Record number of bison calves born in the Eastern Rhodopes

July 15, 2022

Bulgaria’s Rewilding Rhodopes team were overjoyed to record the births of four bison calves in May and June this year – the highest number of calves to have been born in a single season since bison were reintroduced to Bulgaria’s Rhodope Mountains in 2019.

European bison calves in the Rhodope Mountains, summer 2022
This year’s record number of bison calves shows that the Rhodope Mountains herd has settled in well to their new home.
Desislava Kostadinova/Rewilding Rhodopes


Bison baby boom

All the new mothers and their calves are reportedly doing well, with the team continuing to monitor them on a daily basis. The first Bulgarian bison to be born in the wild for centuries was recorded in 2019 when Nadezhda (meaning ‘Hope’ in Bulgarian) became the first bison to be born south of the River Danube since the Middle Ages. Now, this year’s record breeding success is a clear sign that the herd – which has grown to number nineteen animals – has settled in happily to their new home.

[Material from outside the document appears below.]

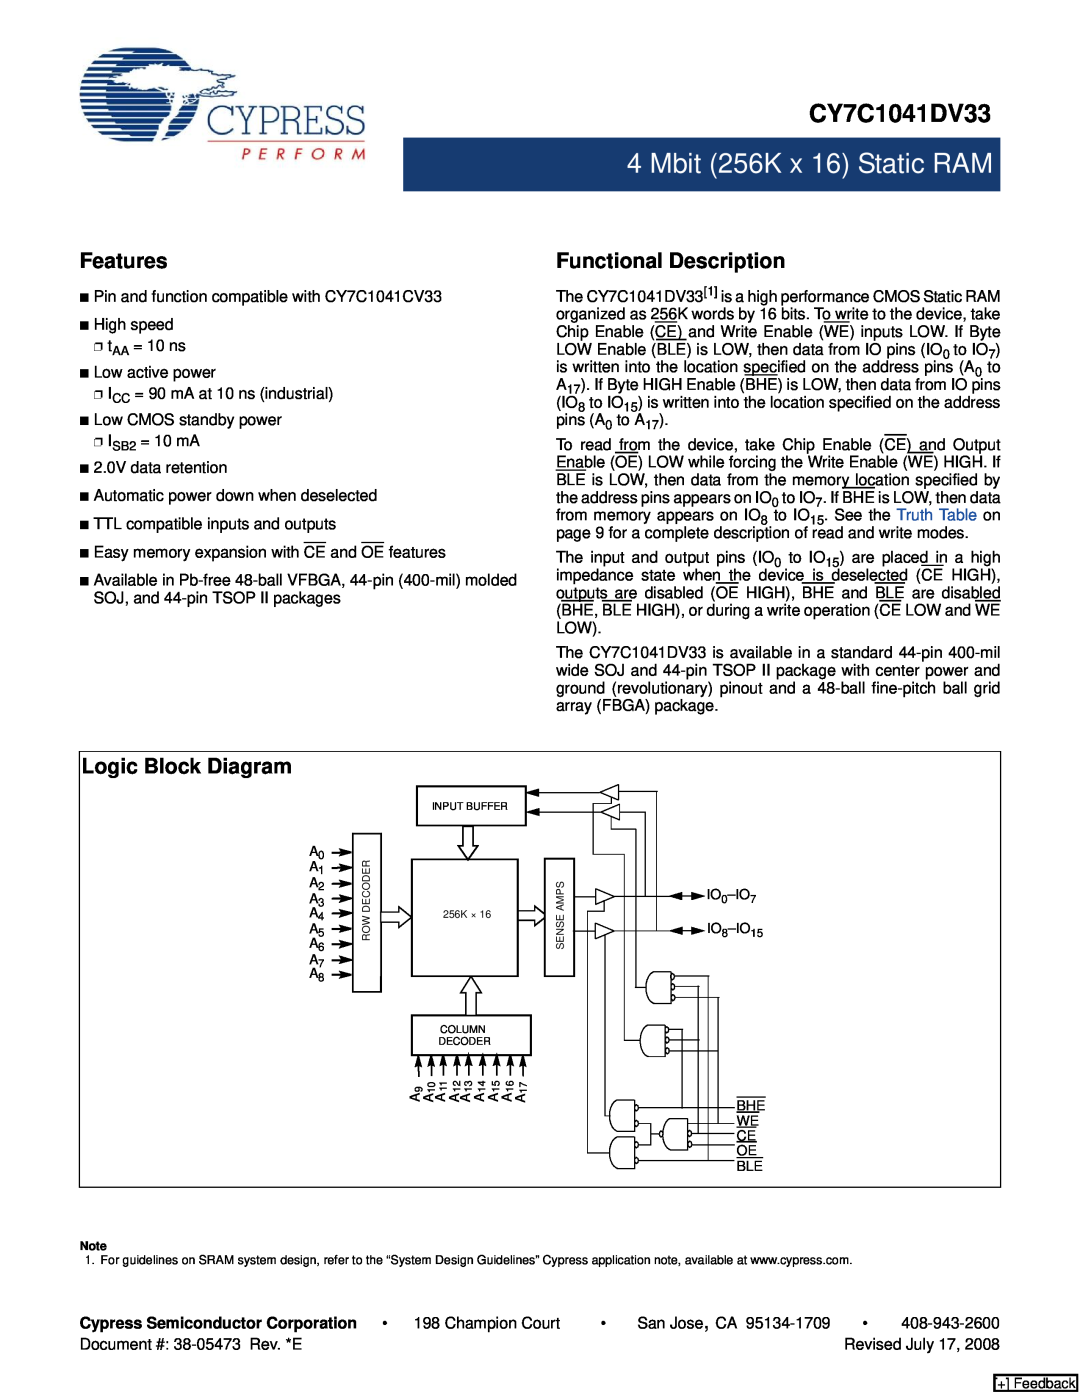 Cypress CY7C1041DV33 manual Features, Functional Description, Logic Block Diagram, Mbit 256K x 16 Static RAM

One of the new mothers is herself a new arrival, having been translocated from Poland’s Bieszczady Mountains, together with two other females, earlier this year. The Rewilding Rhodopes team is currently witnessing a process of socialization, with the three Polish bison gradually integrating themselves into the established herd, and it is hoped that the birth of this Polish calf alongside its Bulgarian herd mates may help to further strengthen the growing bonds within this cosmopolitan herd.


Bison calves and their mothers in the Rhodope Mountains, summer 2022
Two of the recently born bison calves with their mothers in the Studen Kladenets area.
Rewilding Rhodopes


A healthy herd

“At the end of their pregnancy, females move away from the main herd to give birth, before returning after one to three weeks with their new calves,” says Hristo Hristov, Rewilding Officer for Rewilding Rhodopes, explaining that the process of socialization is an ongoing one. “Every now and then, the animals gather into a single herd and then separate again. However, this is normal because the socialization process can take quite some time – even a whole year. So far, the adaptation of the newly arrived animals is going well.”

Members of the Rewilding Rhodopes team have been working on the breeding of European bison since 2013, when five bison from Germany were brought to the bison breeding site at Studen Kladenets Reservoir in the core rewilding area of the Rhodope Mountains. This fledgling herd was boosted by the arrival of more animals from zoos in Germany in 2017 and from Hungary and Slovakia in 2020, before the latest three additions arrived from the State Forests in Poland’s Bieszczady Mountains.



Re-establishing natural rhythms

Following their release into the wild in 2019, the free-ranging European bison of the Rhodope Mountains have gradually started to occupy their unique ecological niche, helping to restore a mosaic of biodiversity-rich clearings in the wooded landscape, opening up gaps in the vegetation through their grazing and browsing, letting in light, aiding seed germination and creating innumerable opportunities for all sorts of other organisms.

Alongside reintroduced red and fallow deer, large herbivores are restoring other natural processes too, attracting the attention of local wolves, while their carcasses will help feed the Rhodope Mountains’ important vulture population. The bison herd has also begun to make seasonal migrations, spending the autumn and winter in the lower part of the Studen Kladenets rewilding area, before climbing to the higher, less accessible parts of the mountains in spring and summer.

The birth of four bison calves is a potent symbol of these many new beginnings, with the re-establishment of all these natural rhythms and cycles throughout the Rhodope ecosystem testament to the restorative potential of rewilding action, and the power of hope.